Sent from my iPhone using Tapatalk


----------



## Simonj31 (Mar 6, 2014)

If you need to fish deeper, or just want to drift over structure, use a slip bobber. That way you can adjust depth quickly. 

If just going to use it on the flats, then stick to the popping cork so you get the noise and vibration. Also, yes, get rid of that doa shrimp and put on a live bait hook. I like to use 2/0s on my popping corks.


----------



## Boardfeet (Sep 27, 2007)

popping cork 
The louder the click the better.


----------



## sophiagrace77 (May 18, 2018)

Just go with popping cork, I had such nice experience with popping cork. So there is nest choice than popping cork.


----------



## Catchemall (May 8, 2018)

Depth of water is the key. On the flats, a popper, clicker is king.
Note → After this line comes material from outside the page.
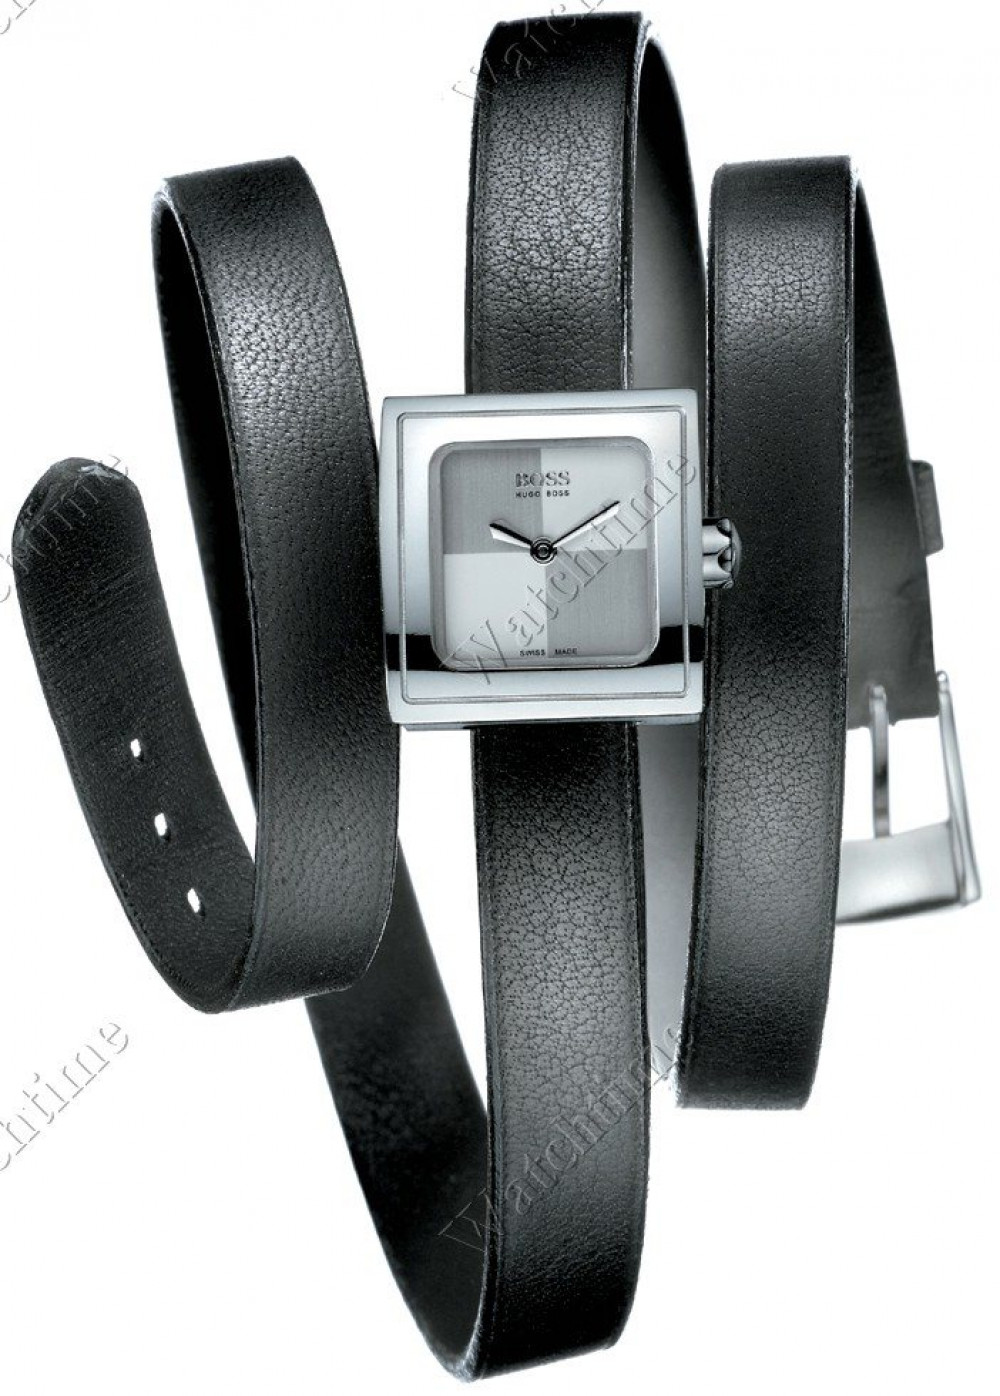 Zegarek firmy Hugo Boss, model Twist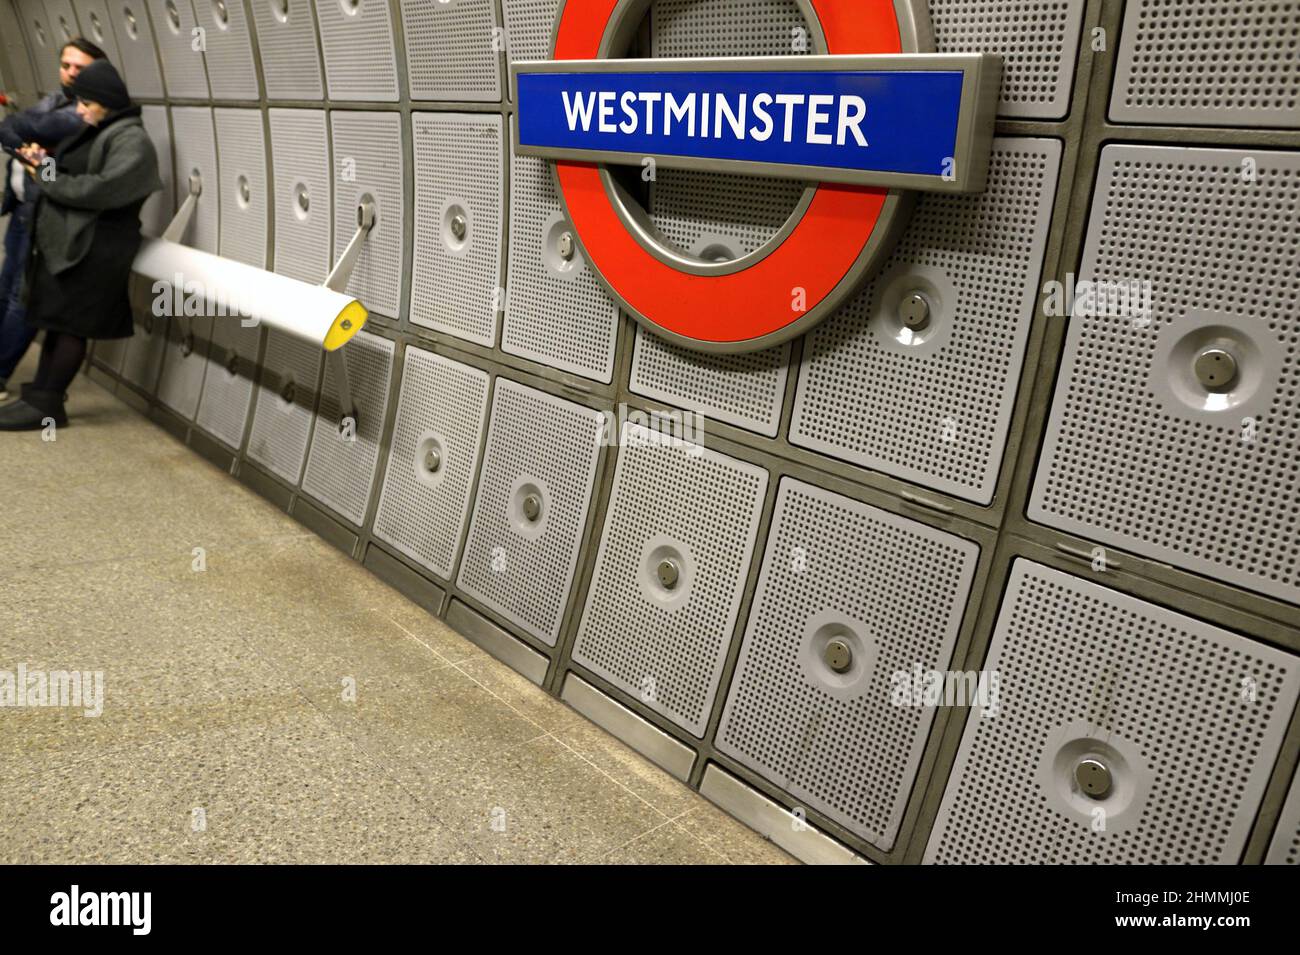 London, England, UK. London Underground: Westminster station platform Stock Photo

In deeper water, if you're going to cast, you need a slip bobber.


----------



## poorboy (Mar 11, 2016)

pinch part of the fan off and hook them in the horn...I'm a newbie and a local taught me that last time I was down...I just want to belong.


----------



## cmg76 (Jul 5, 2014)

does anyone use a gulp shrimp under a popping cork?


----------



## Simonj31 (Mar 6, 2014)

cmg76 said:


> does anyone use a gulp shrimp under a popping cork?


That’s definitly a thing. You just have to keep it moving. That’s why I prefer live bait with them. Because if the fish are wanting a slower presentation, you can can just drift the bait by them and let the bait do it’s thing. 

But again, that is common. If you get on YouTube, there are ton of videos that combine popping corks with gulp or doa products.


----------